Development and evaluation of the core collection

To establish a core collection, data of 22 SSR genotypes with a total of 173 alleles were used to construct a core set from the 400 accessions of cultivated P. frutescens var. frutescens using PowerCore software20. For the core collection, 44 accessions were selected. The core collection contained 16 representatives from the central region, 21 from the southern region, and 7 foreign or unknown (Table 3). The core collection accounted for 11.0% of the whole Perilla collection, including 100% of the number of alleles maintained in the whole collection. To compare the allelic richness between the core and whole collections, our study confirmed the diversity by the Shannon–Weaver (Sh.W.) and Nei calculation (Fig. 4, Table 4). The distributions of the Sh.W. and Nei indices in the 22 SSR markers for the core and the whole collections represented a high similarity or those of the core collection were greater than those of the whole collection (Fig. 4, Table 4). The results of a Student’s t test using SPSS software showed that there was no significant difference in the average genetic diversity (Sh.W. and Nei indices) between the core collection and the whole collection (p = 0.102 for Sh.W. and 0.192 for Nei indices). This indicates that the core collection selected herein sufficiently represents allelic richness and genetic diversity of the entire accessions.

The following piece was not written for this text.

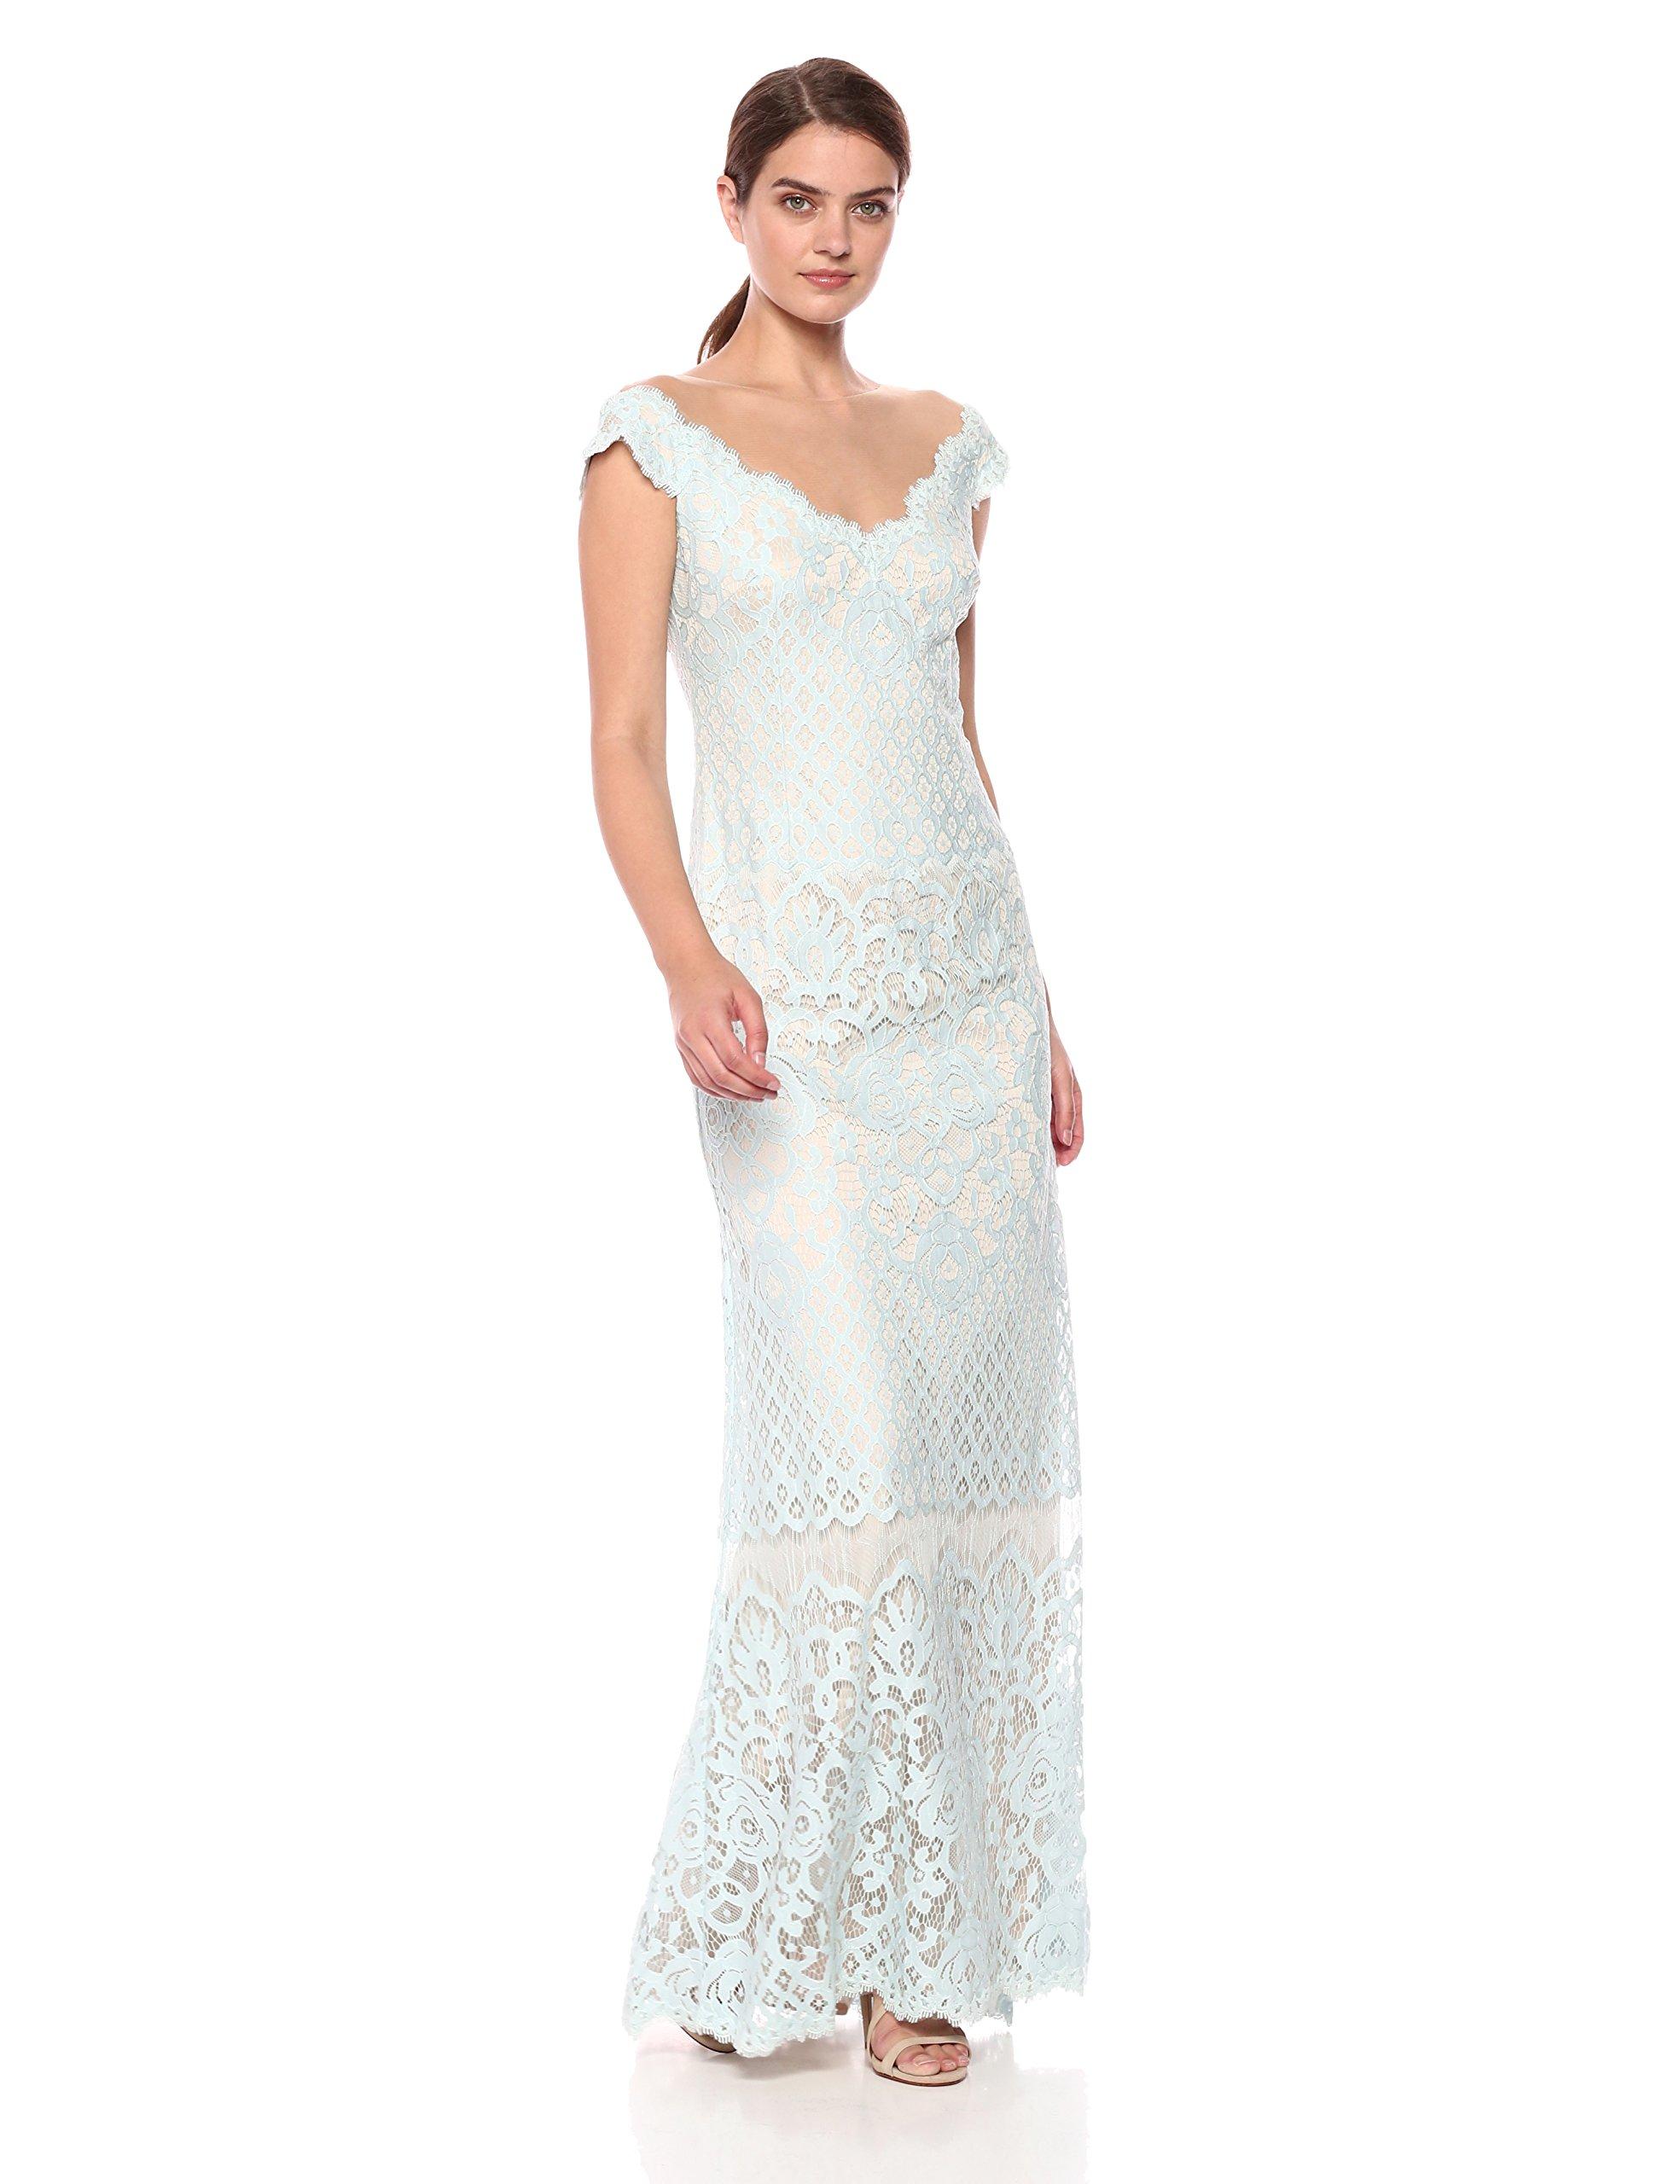 Tadashi Shoji Wedding Dresses Collection Modern Design

Table 3 IT number, collection sites, and qualitative traits of core accessions selected by Powercore software.
Figure 4
figure 4

Comparison of a Shannon–Weaver diversity index (A) and Nei’s diversity index (B) using 22 SSR markers between the core collection and the whole collection.

Table 4 Comparison of diversity index between 44 core and entire accessions using 22 SSR markers.

Morphological variation and principal component analysis among 372 accessions of cultivated P. frutescens var. frutescens

The results of examining eight morphological traits of the 372 accessions of cultivated P. frutescens var. frutescens are summarized in Supplementary Table 3.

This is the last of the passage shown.